- Glowicki at the 2025 Toronto International Film Festival
- Education: McGill University
- Occupations: Actress and filmmaker
- Notable work: Tito Her Friend Adam Dead Lover

= Grace Glowicki =

Canadian actress and filmmaker

Grace Glowicki is a Canadian actress and filmmaker from Edmonton, Alberta.

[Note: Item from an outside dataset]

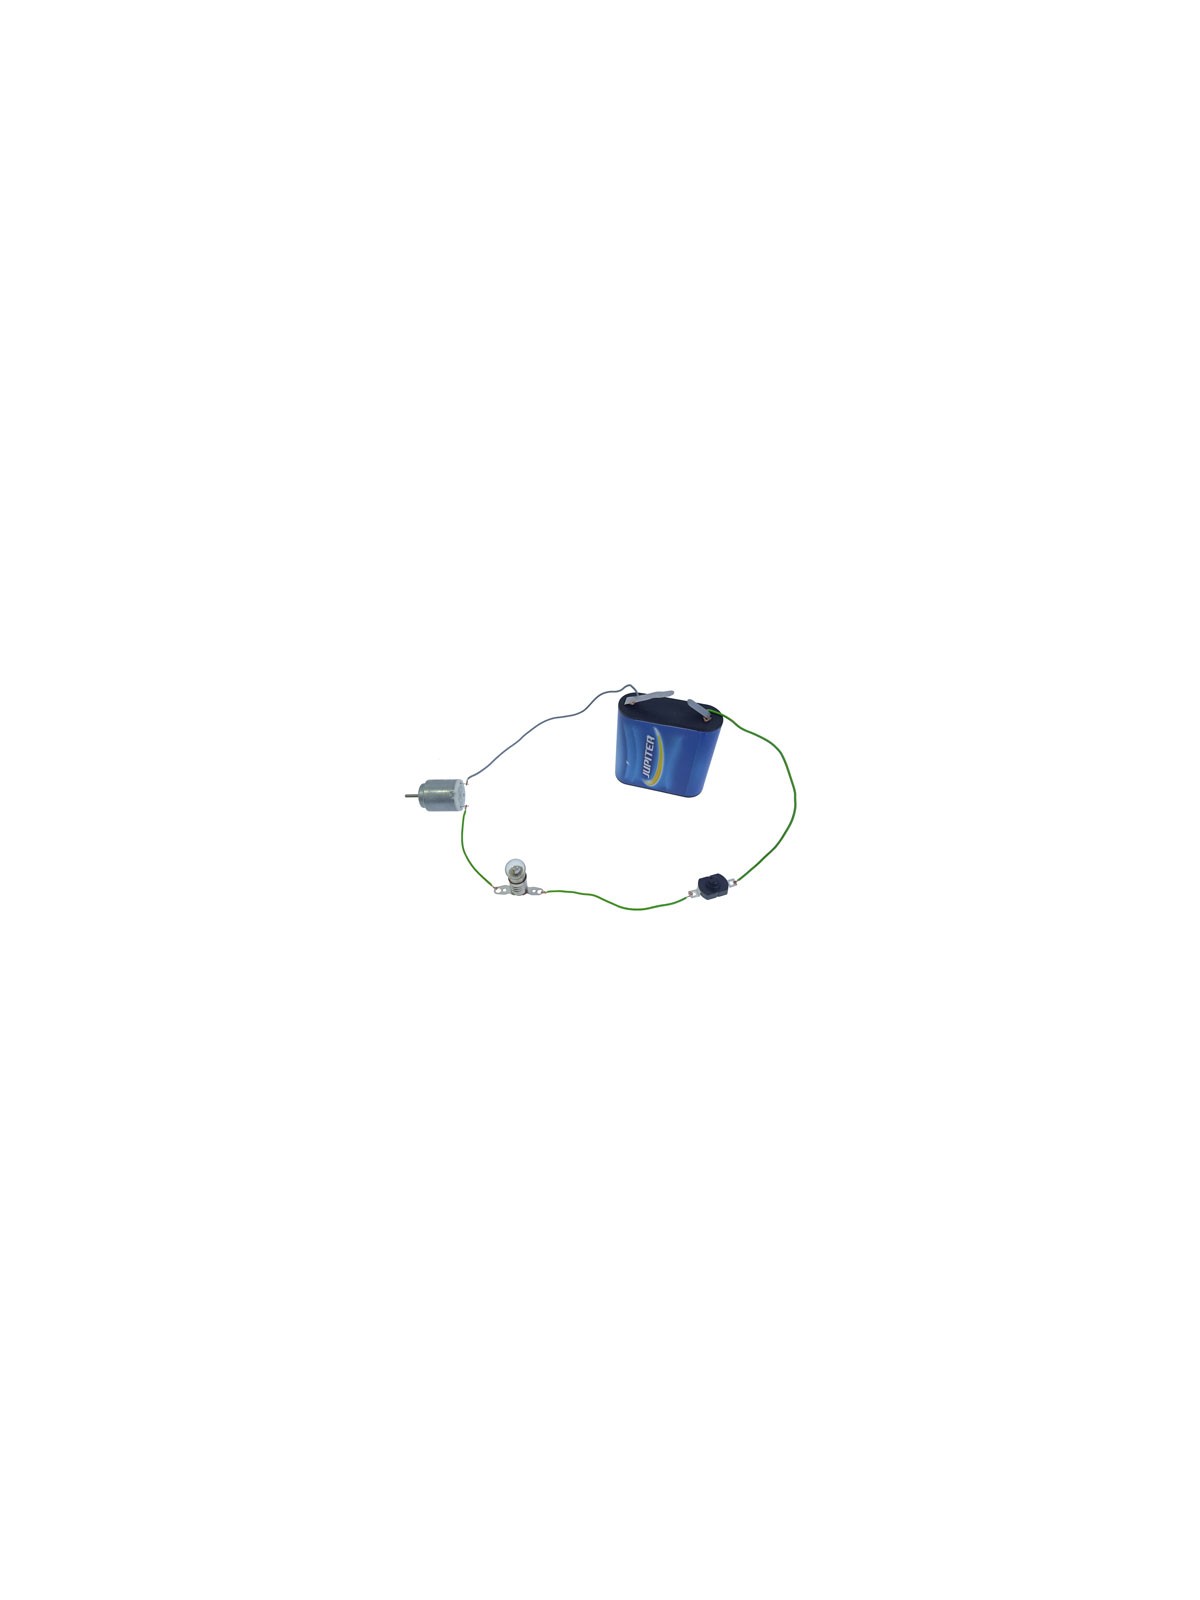 Kit circuito básico de electricidad - Microlog

Glowicki directed and starred in the feature film Tito (2019), which was nominated for the John Dunning Best First Feature Award at the 9th Canadian Screen Awards. She is also known for starring in the short film Her Friend Adam (2016), which earned her a special jury award for best actress in a short film at the 2016 Sundance Film Festival, and for directing and starring in the feature film Dead Lover, which premiered at the 2025 Sundance Film Festival.

== Career ==
An alumna of McGill University, Glowicki moved to Toronto, Ontario, after graduation. She has acted in films including Hemorrhage (2012), The Oxbow Cure (2013), Her Friend Adam (2016), Suck It Up, Cardinals, We Forgot to Break Up (all 2017), Paper Year (2018), Raf (2019), Strawberry Mansion (2021), Until Branches Bend (2022), Booger (2023), The Heirloom (2024), Measures for a Funeral (2024) and Honey Bunch (2025) and in the web series Out with Dad and Carmilla.

In 2016, she was named by the Toronto International Film Festival as one of its four "Rising Stars" of the year, alongside Jared Abrahamson, Mylène Mackay and Sophie Nélisse. She won a special jury award for best actress in a short film at the 2016 Sundance Film Festival for Her Friend Adam, and was a Vancouver Film Critics Circle nominee for Best Supporting Actress in a Canadian Film at the Vancouver Film Critics Circle Awards 2017, for her performance in Cardinals.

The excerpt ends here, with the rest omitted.